Apart from affecting follicular maturation and ovulation (and possibly fertilization), mifepristone may prevent pregnancy by influencing the development and transport of embryos. Administration of mifepristone to rats accelerated embryo transport through the tube and caused the loss of embryos from the uterus before implantation. The treatment also delayed or arrested embryonic development [5, Ref.37]. Inhibition of the development of fertilized eggs by mifepristone has also been observed in other species [5, Ref.38]. Whether these mechanisms also contribute to the antifertility effects of mifepristone in the human is not known.
While treatment with mifepristone in follicular phase inhibits follicle development, administration immediately after ovulation significantly affects endometrial maturation. For example, in one study, a 200 mg dose given in the evening of the second day after the luteinizing hormone peak delayed endometrial development for at least six days, even though circulating levels of progesterone were normal [5, Ref.39].
Another study demonstrated the effect of low doses of mifepristone on ovarian function and endometrial development. It showed that low doses, once weekly administered, do not inhibit ovulation but delay endometrial development and impair secretory activity with a prolonged follicular phase by 6-13 days with a normal luteal phase and LH peak [5, Ref.39b].
Furthermore, studies have shown that a single dose of mifepristone administered in the early luteal phase, two days after ovulation, effectively prevented pregnancy in the rhesus monkey, but observed a prolonged cycle length, due to an extension of the luteal phase [5, Ref.41]. In humans, a study with monthly early luteal phase treatment (200 mg mifepristone) for their only contraceptive method has shown similar results [5, Ref.42].
In the latter study, 21 fertile women took 200 mg of mifepristone two
days after the luteinizing hormone surge as their only method of contraception;
only one pregnancy resulted during 157 cycles. The earlier during the secretory
phase that mifepristone is administered, the more marked is its effect on
the endometrium. "When the drug was given 2 days after the LH peak, it prevented
appearance of the epitope. When Ru486 was administered 5 days after the
LH peak, epitope already present in gland cells was subsequently secreted."
An examination of doses of mifepristone (from 5 mg to 200 mg), taken from
the second until the fifth day after the luteinizing hormone peak, found
that the effects on secretory activity of endometrial glandular cells on
any given day were essentially similar, irrespective of the dose (5, Ref.47).
Another study observed abnormal secretory maturation of the endometrium-
considered to be incompatible with successful implantation- after two doses
of 10 mg of mifepristone taken 72 hours apart on the fifth day after the
luteinizing hormone surge.

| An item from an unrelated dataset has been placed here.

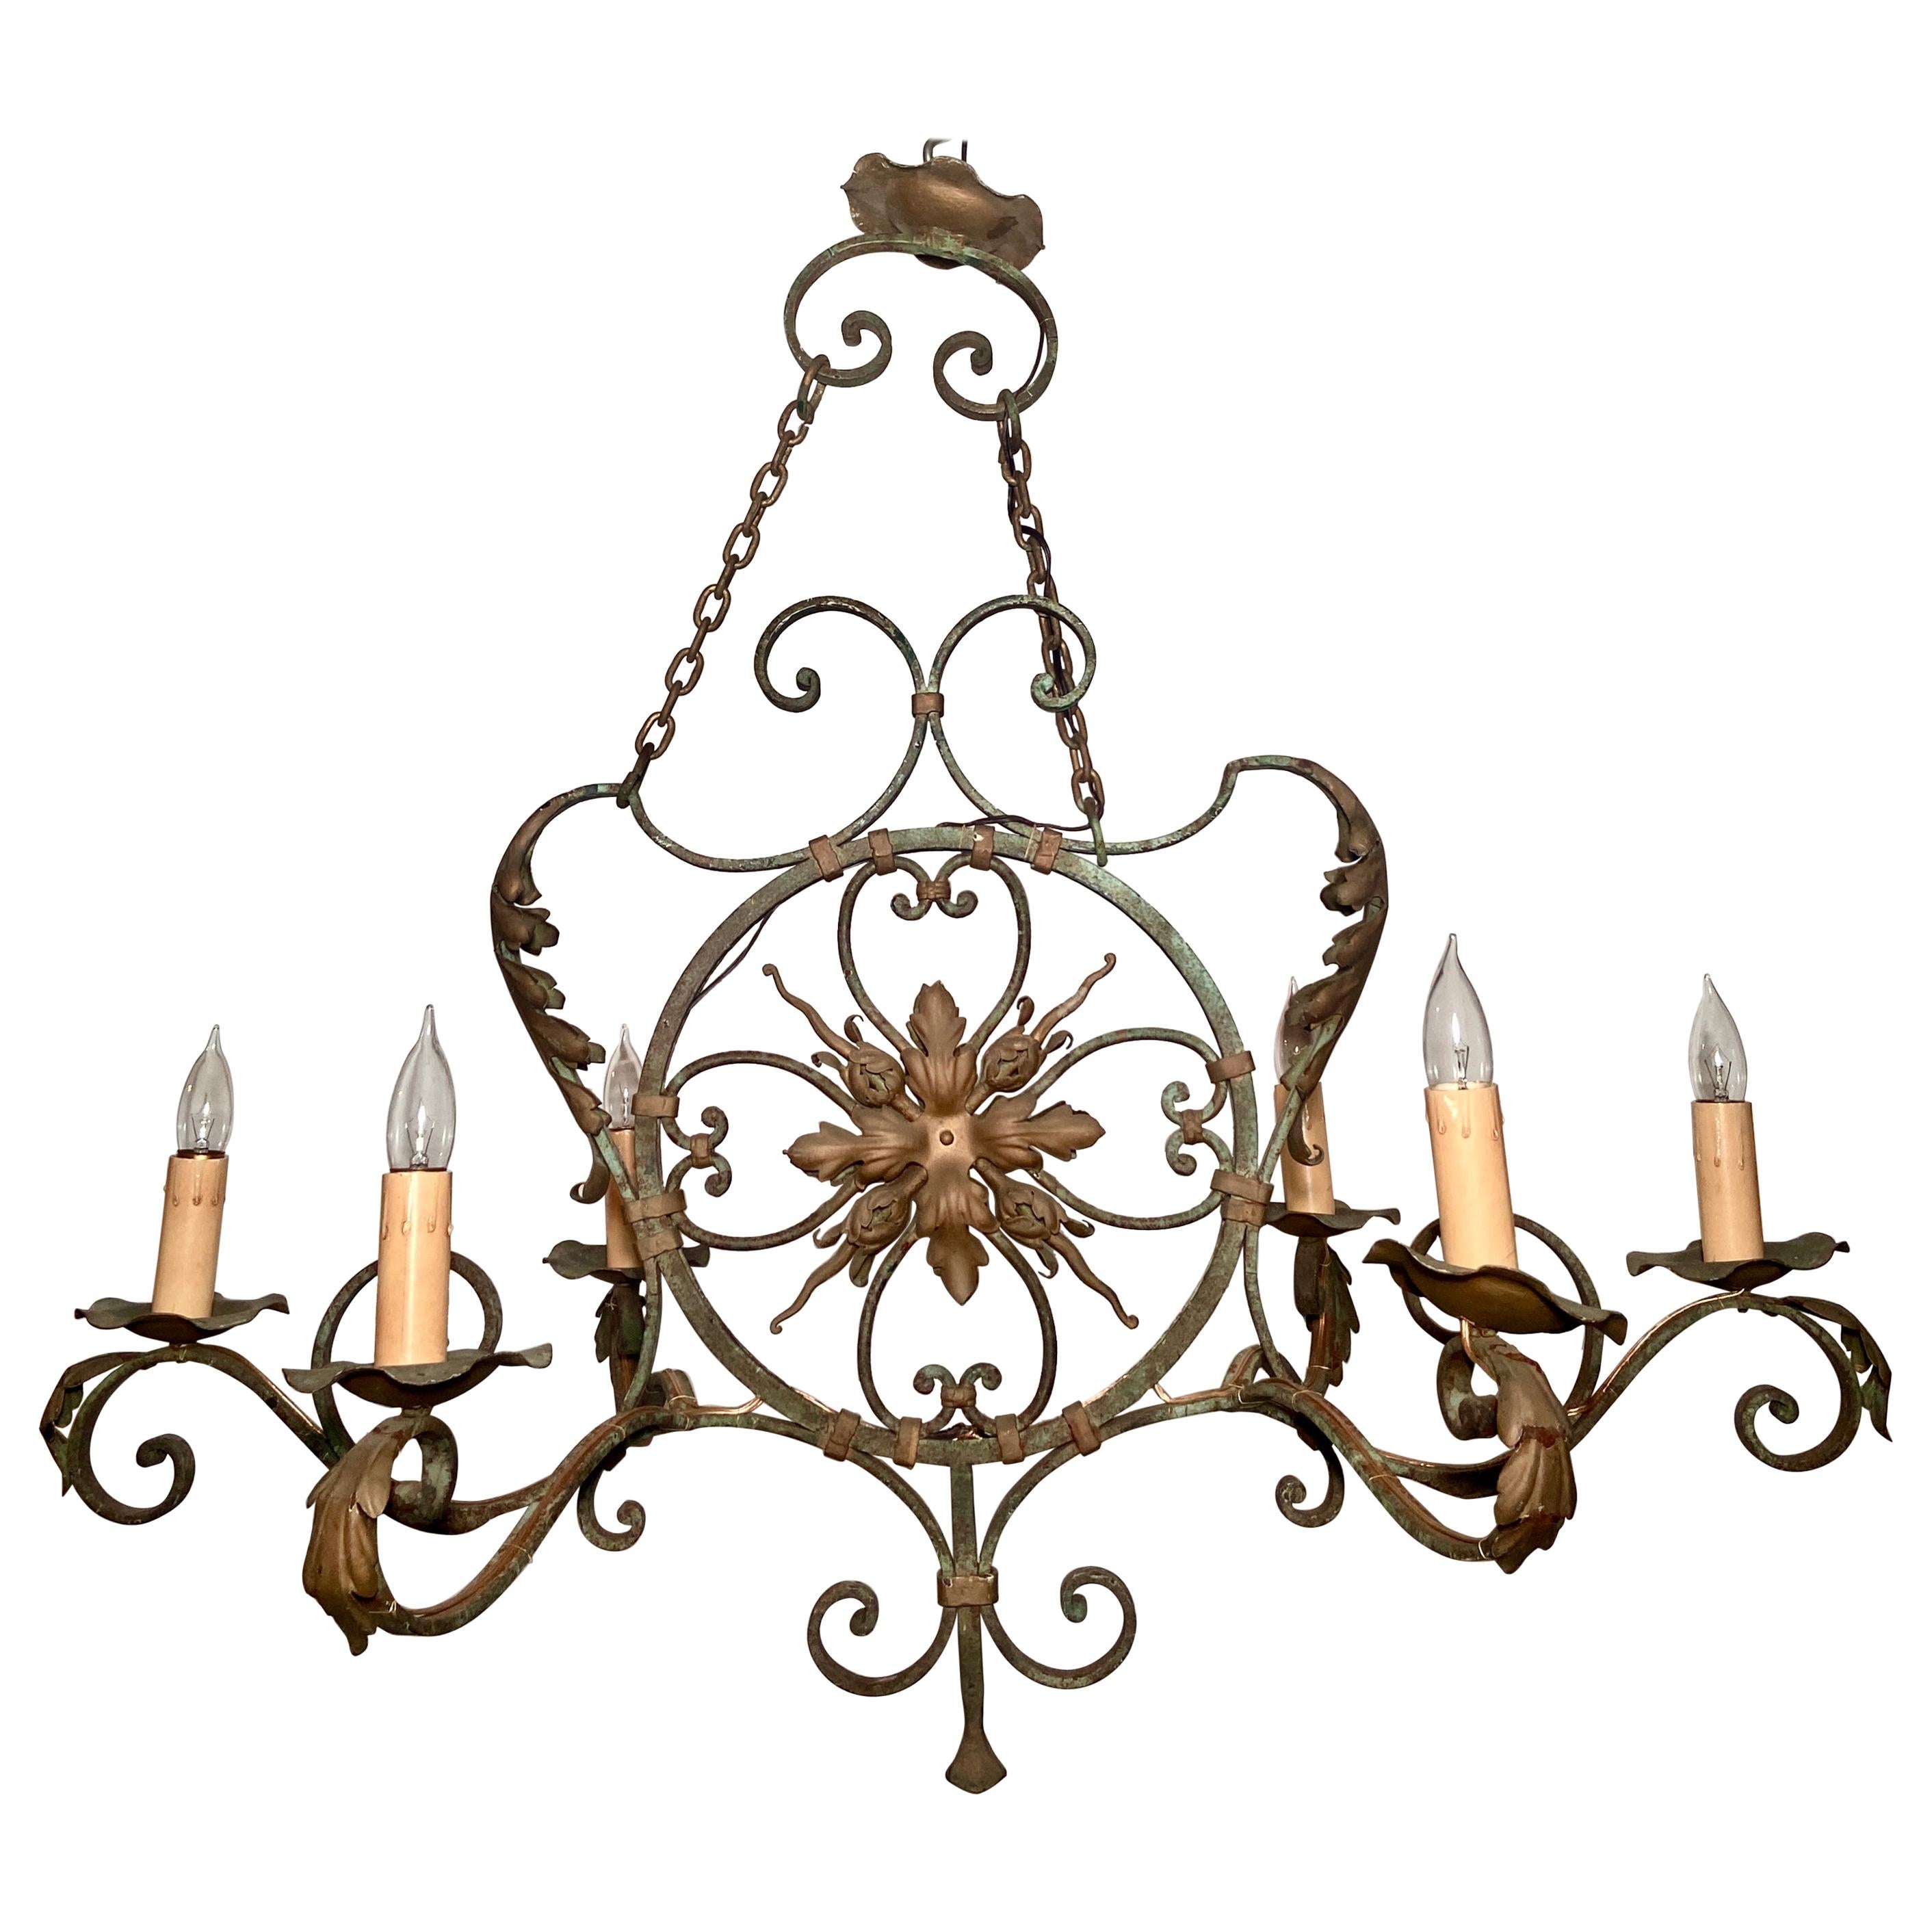 Antique 19th Century French Wrought Iron 6 Light Chandelier For Sale

Cycle length and hormonal patterns were unaltered
after treatment [5, Ref.48].
Levonorgestrel belongs to the class of Progestogens, it is a synthetic
steroid and mostly used as regular oral contraception.
Another study, which examined the effects of a daily dose of 0.75 mg
of Levonorgestrel administered for four days either before ovulation, around
the time of ovulation or after ovulation, indicated that the impact of Levonorgestrel
depends on the time of administration [5, Ref.15]. When Levonorgestrel was
given during the early follicular phase, the total cycle length was significantly
prolonged due to the increased duration of the follicular phase. Posttreatment
biopsies taken on cycle days 20-22 still showed proliferative endometrium
in accordance with the delay in ovulation.
Is Levonorgestrel an improved alternative to the Yuzpe regimen ?
On 1974, a study in South America reported of the hormonal and peripheral effects of d-Norgestrel, a synthetic progestational compound as postcoital contaception. It has been administered satisfactorily in oral doses of 400 micrograms post-coitus, and has yielded a corrected treatment failure rate of 1,7 per 100 woman years of use. The alteration consistently observed in the cervical mucus, with consequent prevention of sperm migration, has been suggested as the principal contraceptive mechanism (table 2, table 3, table 4). However, in postcoital contraception, treatment is applied to prevent conception when coitus already has occurred.
*Mean +/- SE
*Mean +/- SE
* In positive cases, average number of sperm per LPF.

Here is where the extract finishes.